The ultrasound imaging shows multiple hypoechoic content in the liver parenchyma with biliary dilatation with or without filling defect. The cross-sectional imaging (CT scan or MRI) shows additional finding of the liver nodules and capsular enhancement associated with biliary dilatation and filling defect, which sometimes may be confused with malignancy or bile duct stone [3, 4]. The MRCP may also show biliary dilatation and filling defect [5]. The most useful diagnostic test for viewing the bile ducts is cholangiography by ERCP. Some technical radiology limitations make bile duct detail obtained by ultrasound, CT or MRCP imaging methods inferior to that obtained with ERCP. For this reason, ERCP is considered to be the gold standard for bile duct imaging and is considered the first choice in patients with biliary fascioliasis [6, 7, 8].

The serology test for Fasciola infection in humans has been used to detect antigen or antibodies.
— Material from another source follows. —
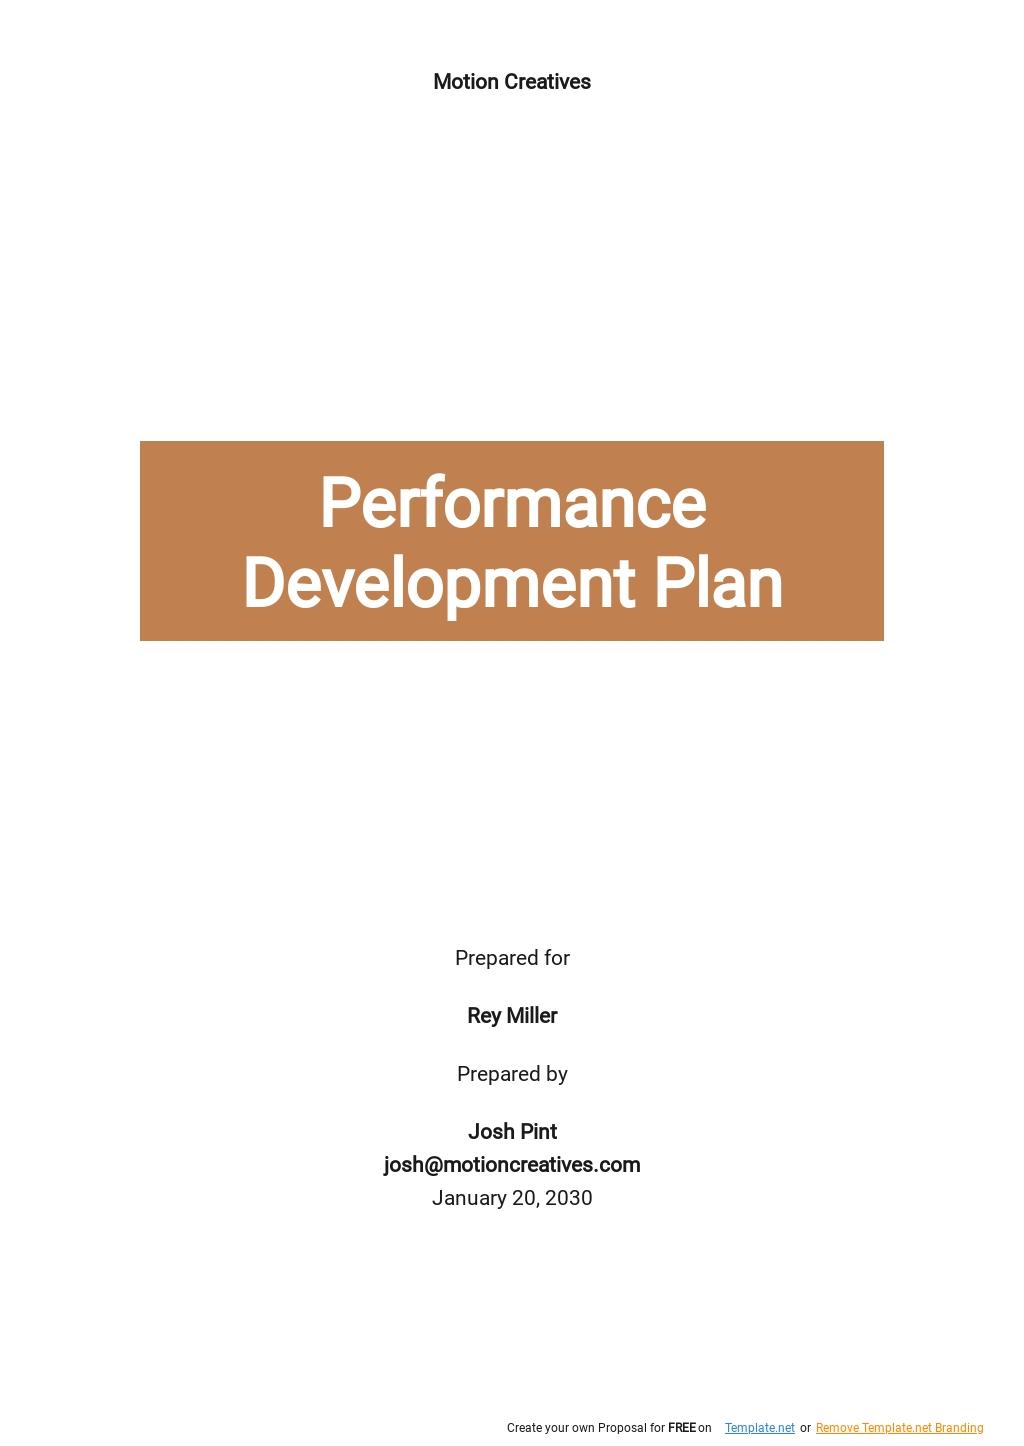 Performance Development Plan Template.jpe

The antigen can be detected in the serum of the patients, where most of the circulating antigens have an immune complex form. Utilizing polyclonal antibodies against proteins in a sandwich ELISA system for the diagnosis of human fascioliasis achieved a diagnostic efficacy of 95.52% for coproantigen (sensitivity of 96.4% and specificity of 94.8) and 87.93% (sensitivity of 94.74% and specificity of 84.62%) for detecting circulating antigen. A dot-ELISA, using the 27-kDa antigen of Fasciola gigantica, had 98.2% sensitivity and 100% specificity in the diagnosis of human fascioliasis [9].

Treatment of human fascioliasis is difficult. Single oral dose of triclabendazole (10 mg/kg body weight/day) is the drug of choice for its effectiveness against both adult and immature worms [10]. The mechanism of the drug involves an inhibitory effect on Fasciola hepatica synthesis of its tegumental ultra-structure with an active sulfoxide metabolite [11]. This treatment is reportedly effective in about 80–90% of patients and is well tolerated [12]. The biliary phase involves a combination of ERCP with removal of all foreign body in the biliary tract and medication.
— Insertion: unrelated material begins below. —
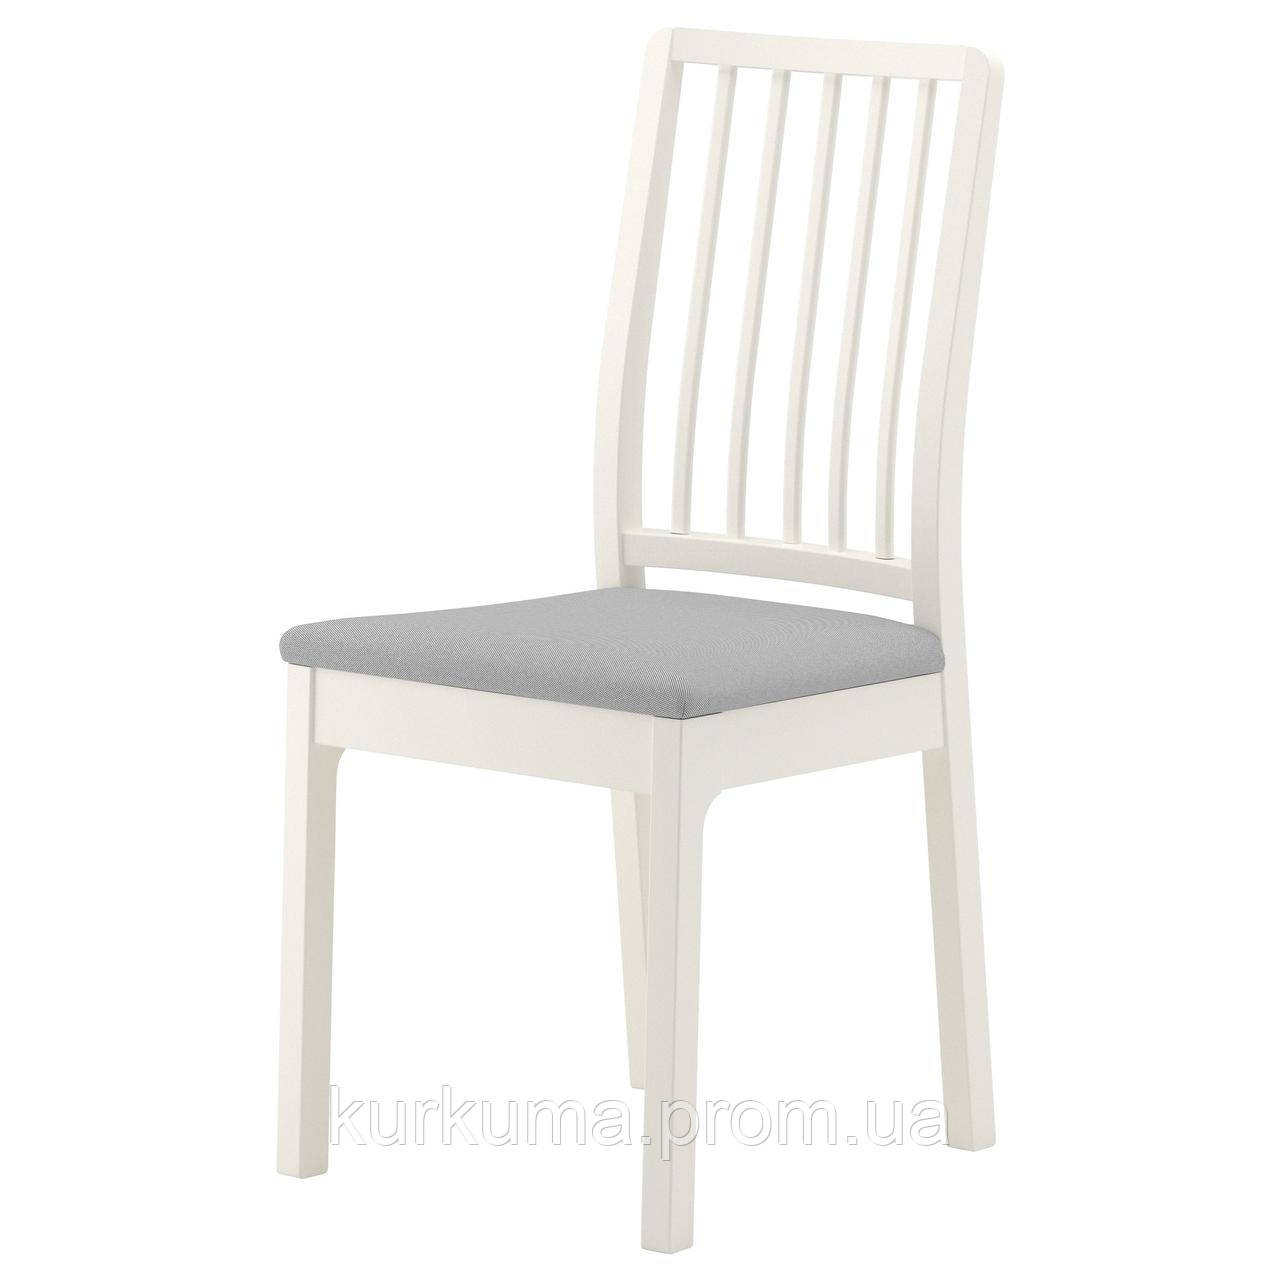 IKEA EKEDALEN Стул, белый, Оррста светло-серый  (603.410.15)

We reported a rare case of a multiple intraductal dead Fasciola hepatica causing severe ascending cholangitis and distal biliary stricture. Successful treatment was achieved by endoscopic removal the fluke followed by single oral dose triclabendazole.

Statement of Ethics

This case report was approved by the Ethic Committees of Faculty of Medicine, Prince of Songkla University, and written informed consent was obtained from the patient. The committees use Declaration of Helsinki ethical principles and the International Conference on Harmonization in Good Clinical Practice.
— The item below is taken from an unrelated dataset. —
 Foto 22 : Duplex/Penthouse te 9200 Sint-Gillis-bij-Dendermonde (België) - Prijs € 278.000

Written informed consent was obtained from the patient for publication of this case report and any accompanying images. A copy of the written consent is available for review by the Editor-in-Chief of this Journal.

Disclosure Statement

The authors declare that they have no competing interests.

Funding Sources

None.

Author Contributions

T.P. and W.R. were responsible for the study concept and design, data collection, discussion, conclusion, and drafting of the manuscript. T.P. and T.Y. reassessed the contents and English grammar of the manuscript. T.P. and B.O. supervised the whole process of the study. All authors read and approved the final manuscript.